CONCLUSION.
Childéric régna glorieusement sur un peuple dont il assura le bonheur. Le comte Pol, qui obtint dans les Gaules le commandement confié à Egidius, ayant voulu troubler la paix de ses états, fut battu complètement, et forcé de se retirer à Soissons. Bazine, sur le trône, se montra toujours sensible au malheur, douce, bienfaisante, accessible aux infortunés; elle eût consolé le roi de ses disgrâces, s'il en eût éprouvé, elle ajouta à son bonheur; de cet hymen heureux naquirent la superbe Audeflède, épouse célèbre de Théodoric, roi des Ostrogoths, et le fameux Clovis, si digne des grands rois qui l'avoient précédé, et des rois plus grands encore qui lui succédèrent: heureux époux de la belle Clothilde, il fut le premier roi chrétien, et par la défaite de Siagrius, général romain, et la prise de Soissons, mit fin à l'empire des Romains dans les Gaules. Les Français, l'an 510, c'est-à-dire quatre-vingt-dix ans après l'entrée de Pharamond dans les Gaules, possédoient déjà toutes les provinces situées entre le Rhin, la Seine et la Loire. D'aussi rapides, d'aussi immenses conquêtes ont étonné l'univers jusqu'au moment où un nouveau génie, rallumant les feux indomptables de cette nation belliqueuse, laissa à peine à la renommée le tems de redire ses triomphes!

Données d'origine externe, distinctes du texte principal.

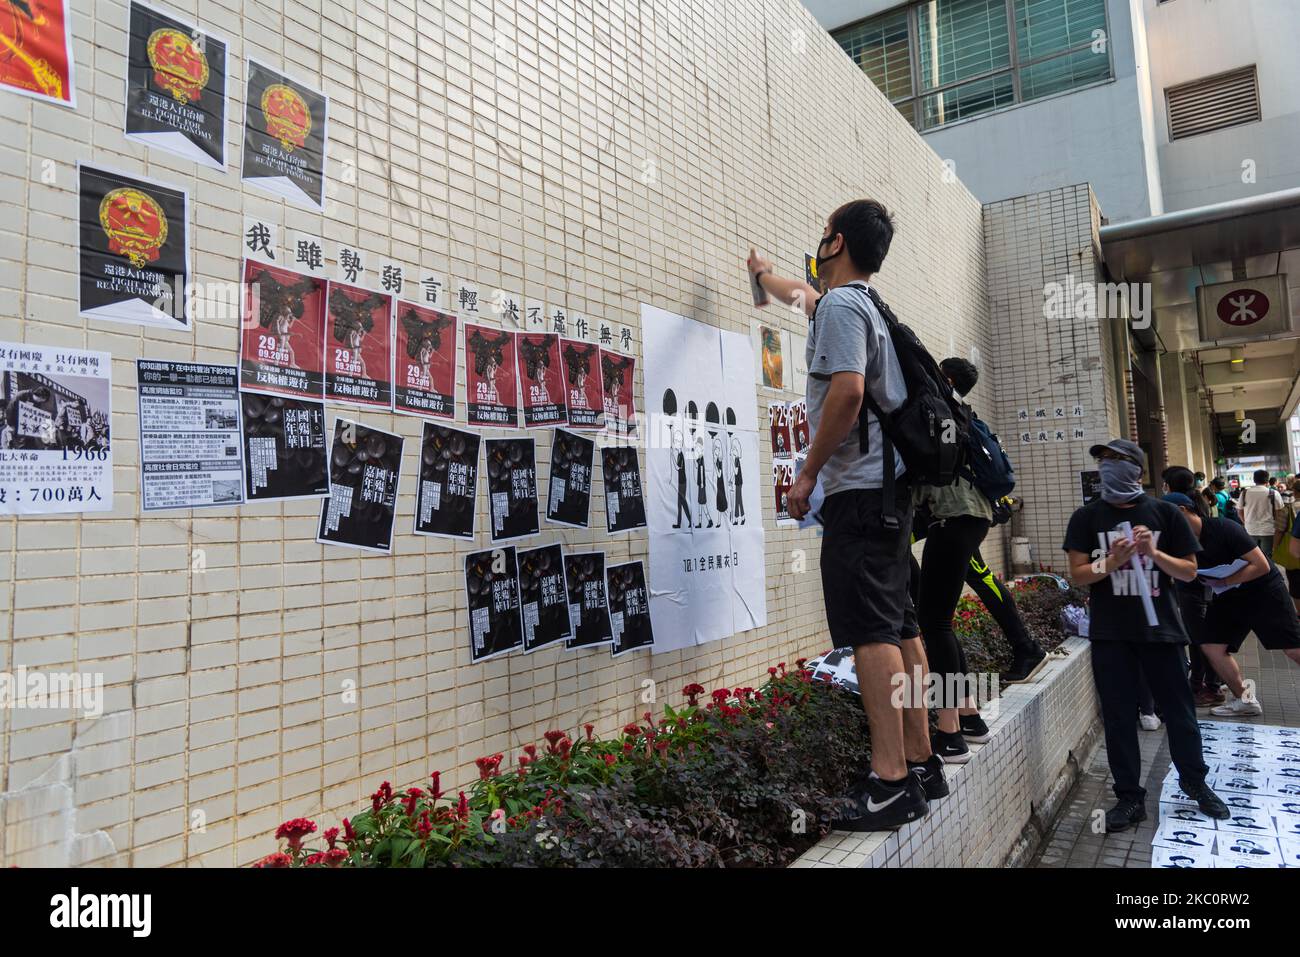 Protesters stick posters on a wall in Wanchai, Hong Kong, China, on 28 Sep 2019. (Photo by Marc Fernandes/NurPhoto) Stock Photo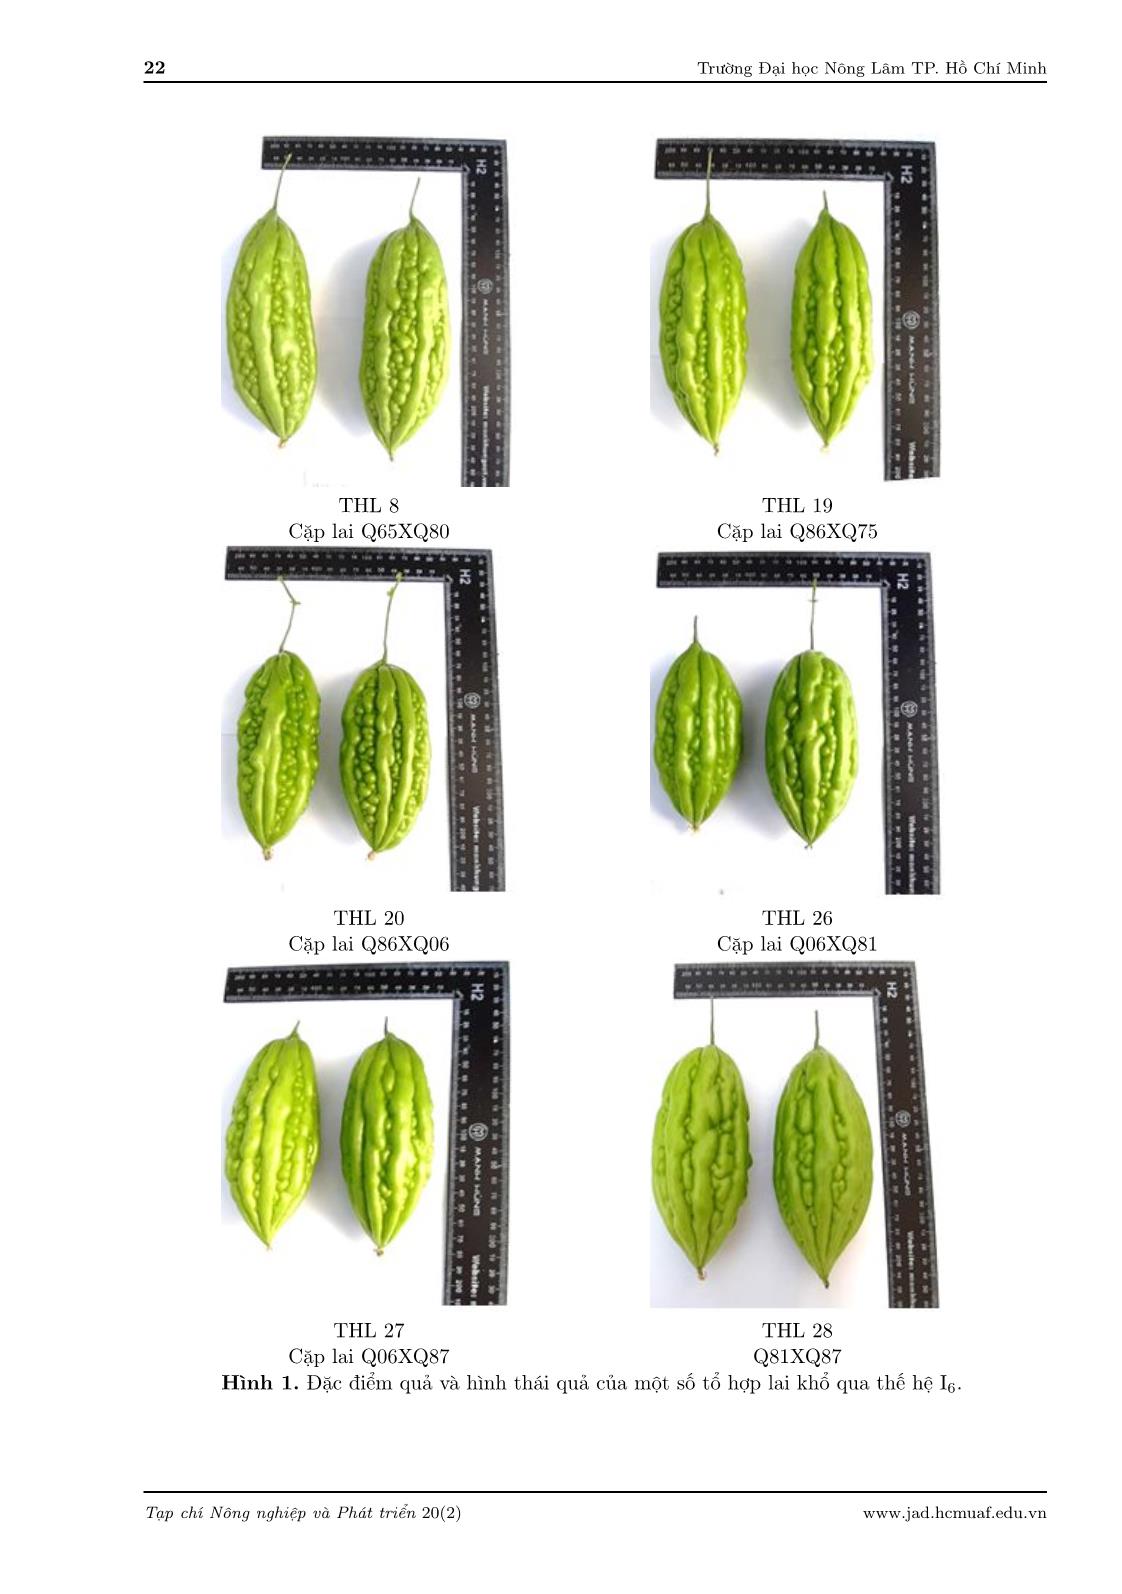 Estimation of the specific combining ability (SCA) of eight bitter gourd (Momordica charantia L.) inbred lines in the sixth generation trang 6

Viomade, que Bazine avoit nommé son père, en eut tous les droits, en inspira tous les sentimens. Berthilie resta près de la reine, et aima toujours Eginard avec la plus vive passion; elle eut quelques momens de jalousie, mais très-courts, et dont son époux sut bien la consoler. Elénire conserva sa pureté, sa douceur et l'amour de Valamir. Eusèbe fut honorée à la cour; la reine l'aima toujours tendrement. Théobard retourna en Thuringe, mais il finit par se fixer près de sa fille. Tournay eut la gloire de conserver ses rois: ce fut l'an 1653 que l'on y découvrit le tombeau de Childéric, de ce prince dont l'étonnante destinée fut agitée dès sa naissance, et qui reçut du malheur ces leçons ineffaçables qui font les grands rois et les grands hommes.